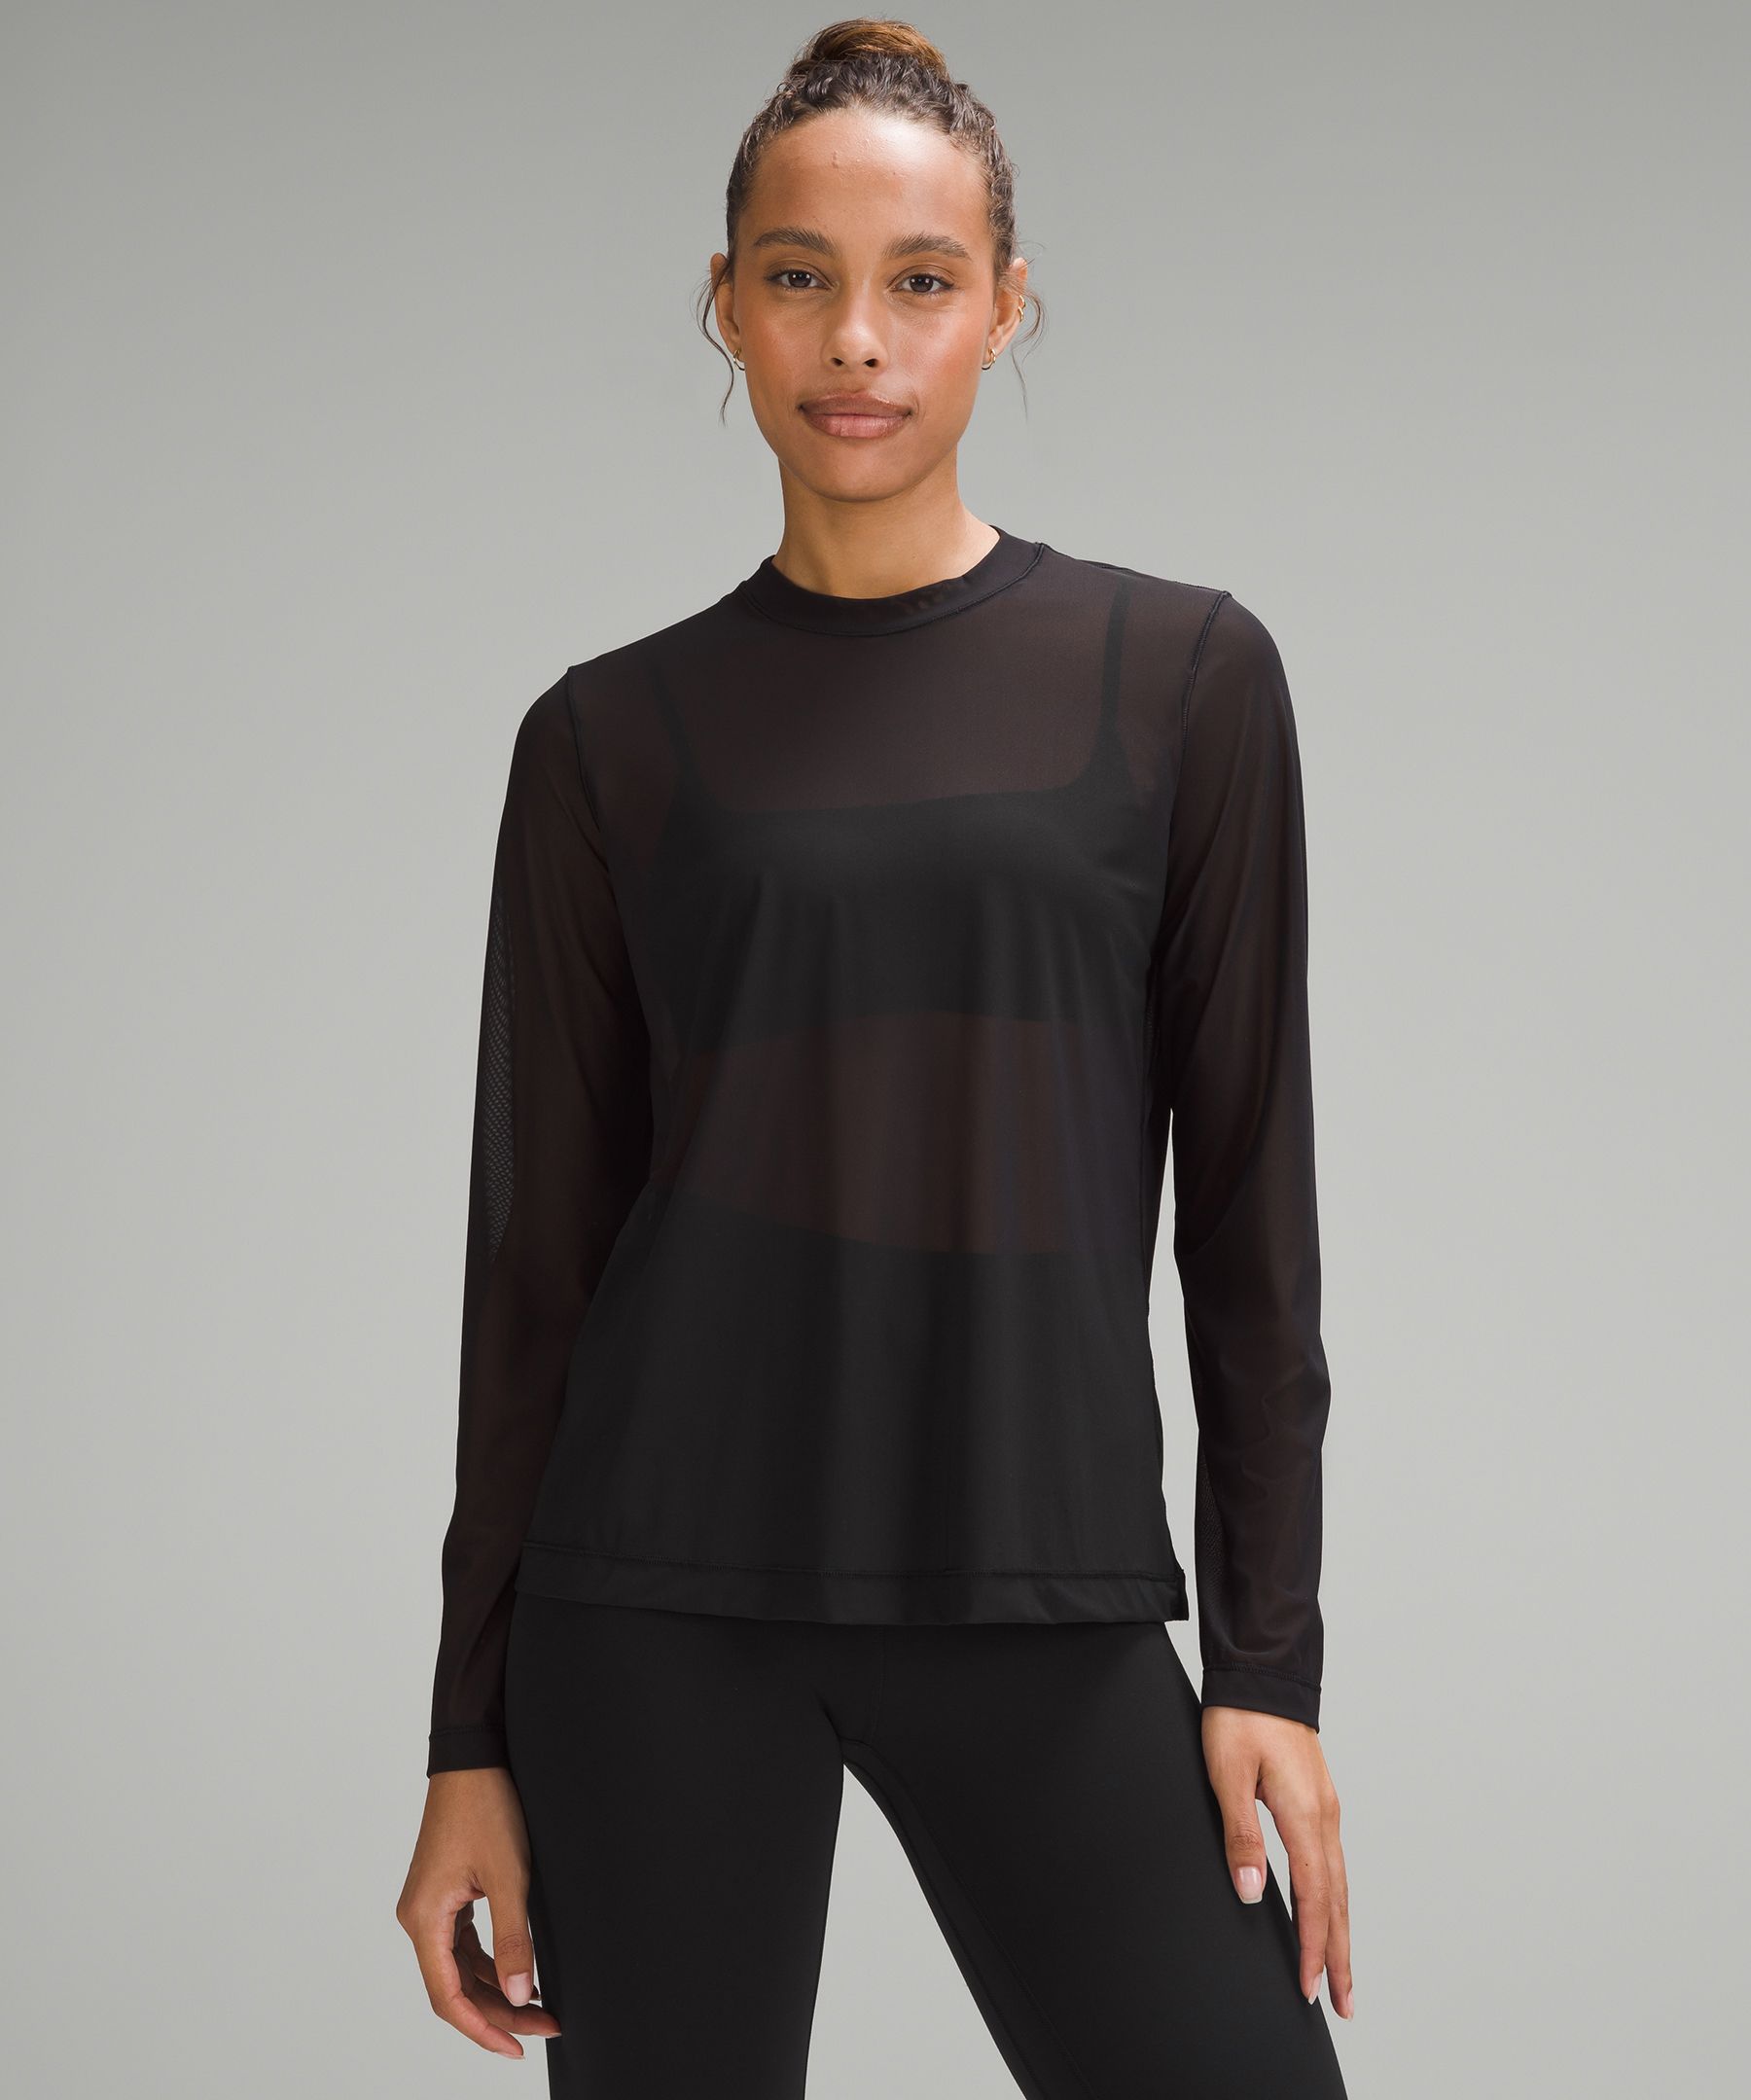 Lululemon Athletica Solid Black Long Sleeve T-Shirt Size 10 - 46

--

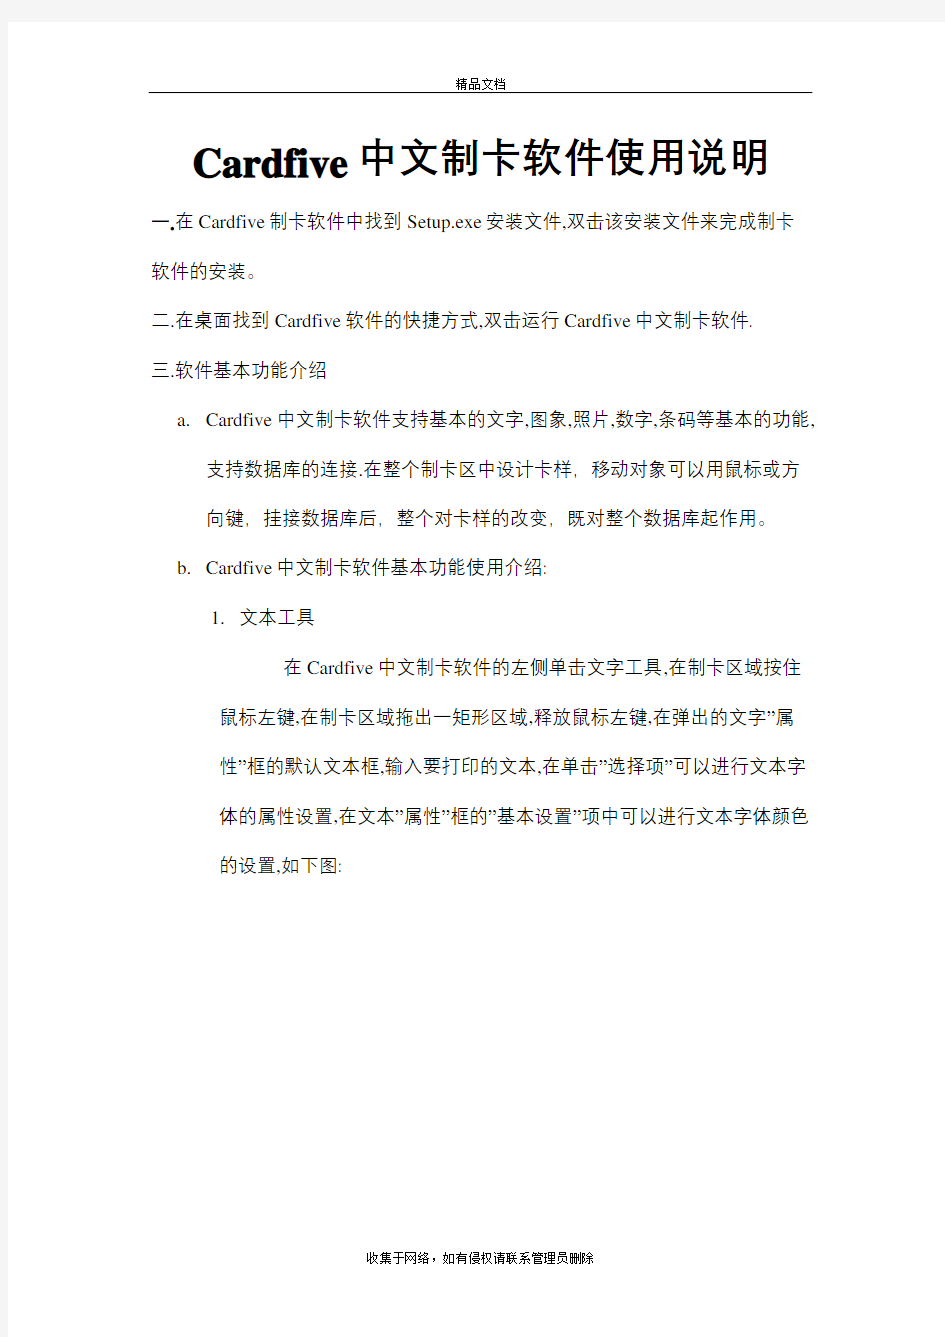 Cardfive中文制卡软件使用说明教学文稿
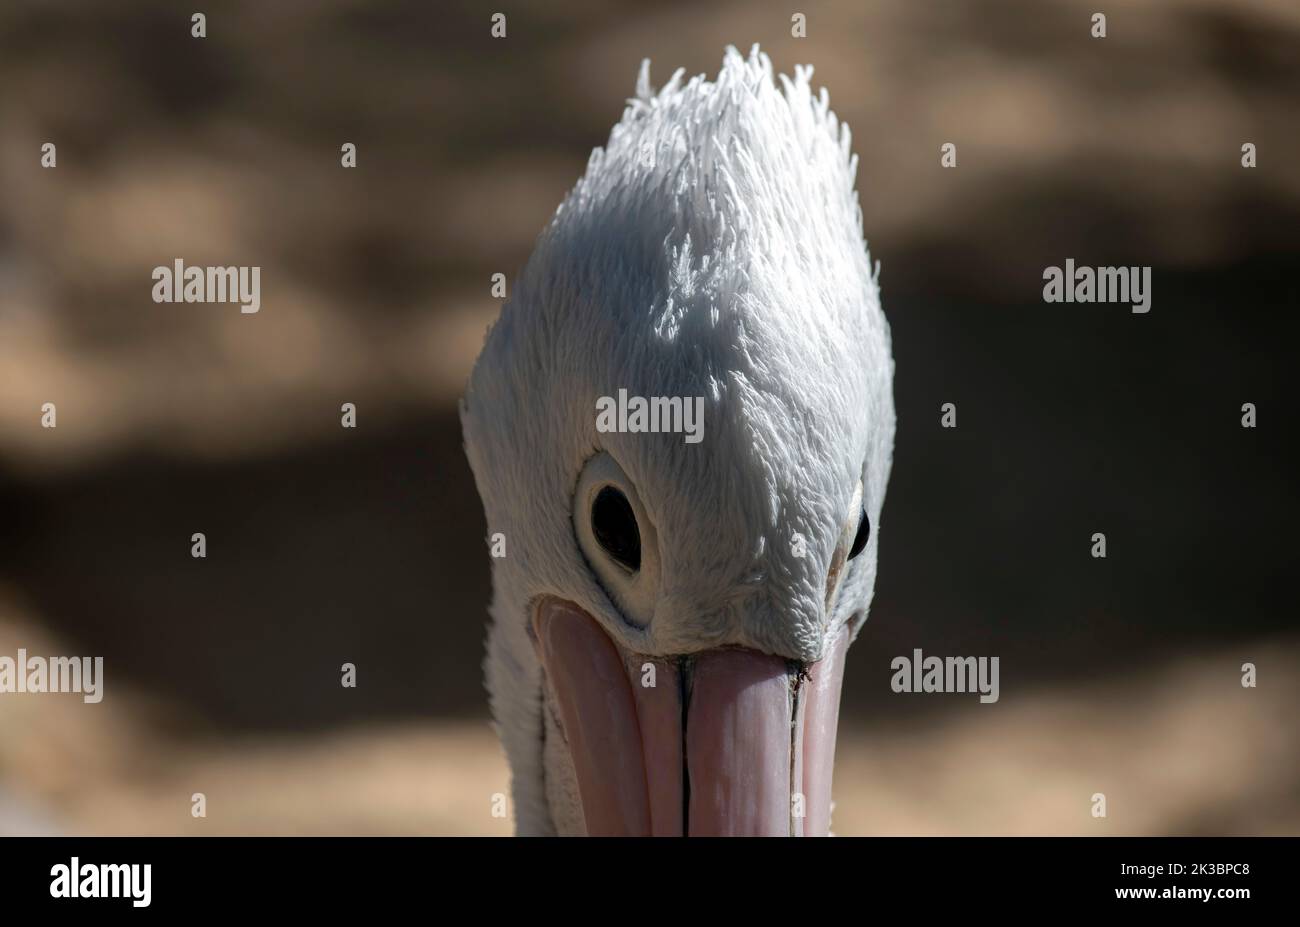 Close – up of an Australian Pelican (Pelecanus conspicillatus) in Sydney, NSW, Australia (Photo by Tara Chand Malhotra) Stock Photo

...

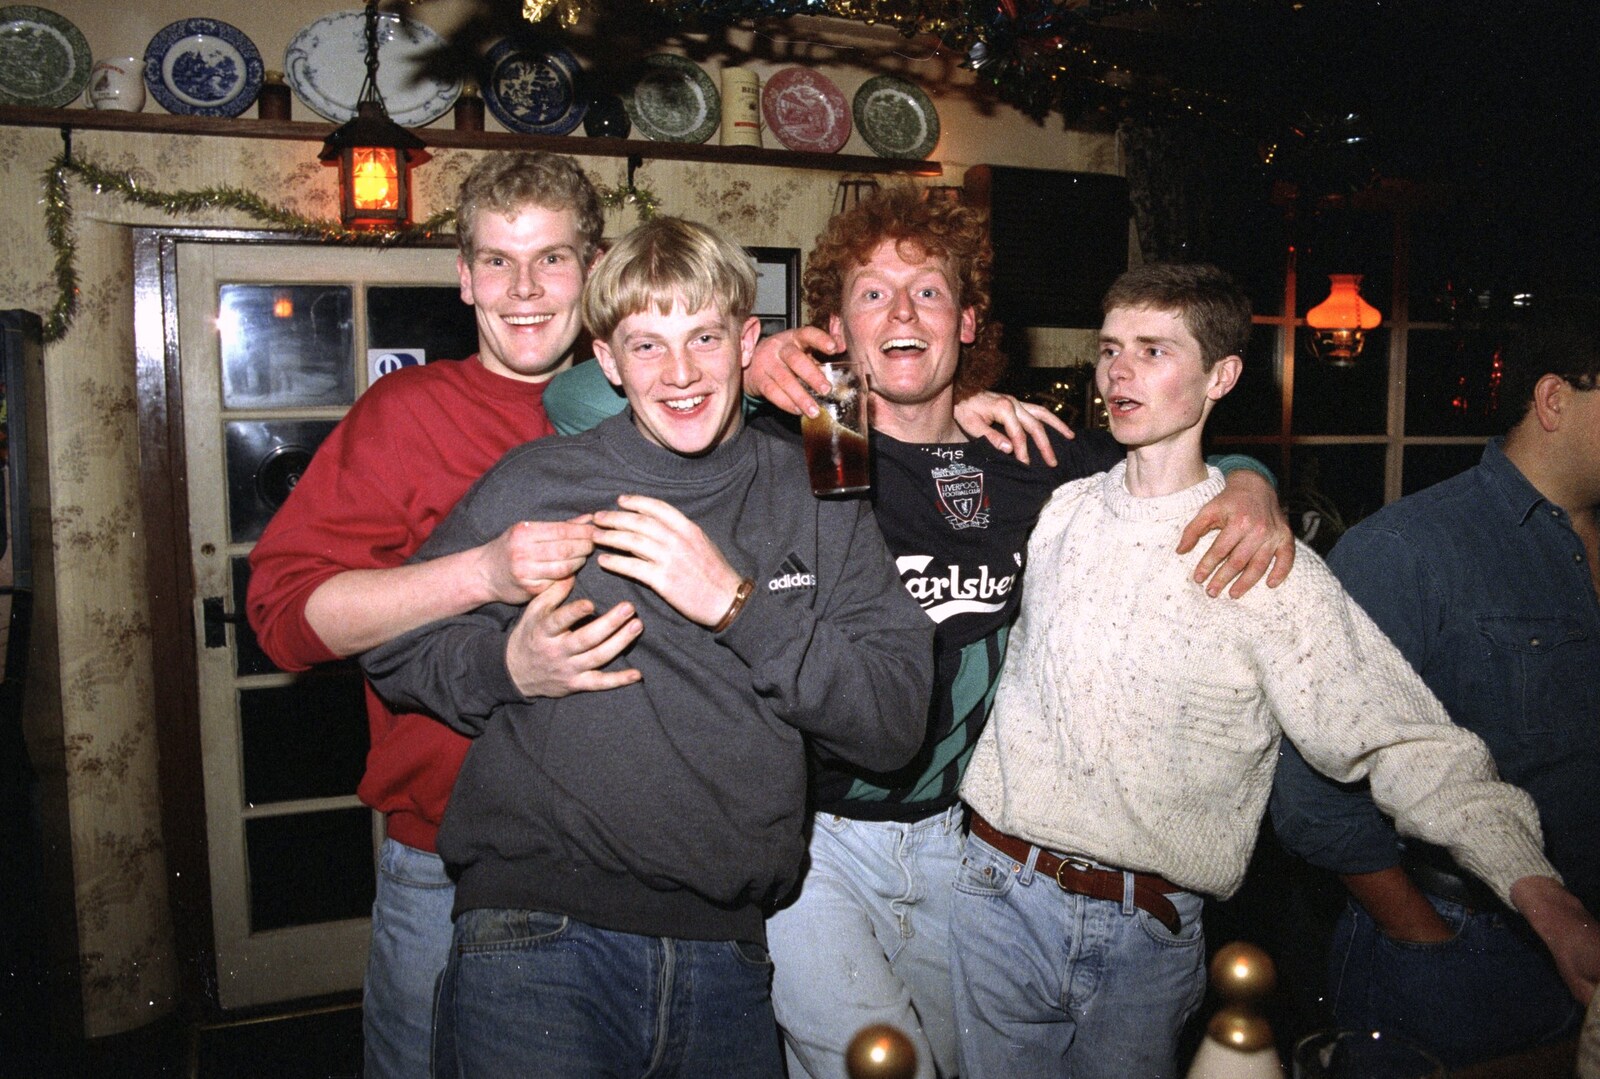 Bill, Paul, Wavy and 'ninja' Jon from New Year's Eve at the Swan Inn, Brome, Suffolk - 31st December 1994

→ **What you should do**
Out of the records above, set down only the lines from the one that contains "Cardfive中文制卡软件使用说明教学文稿" through the one that contains "Close – up of", unchanged and without the pictures.

→ **The completed task**
 Cardfive中文制卡软件使用说明教学文稿
 Close – up of an Australian Pelican (Pelecanus conspicillatus) in Sydney, NSW, Australia (Photo by Tara Chand Malhotra) Stock Photo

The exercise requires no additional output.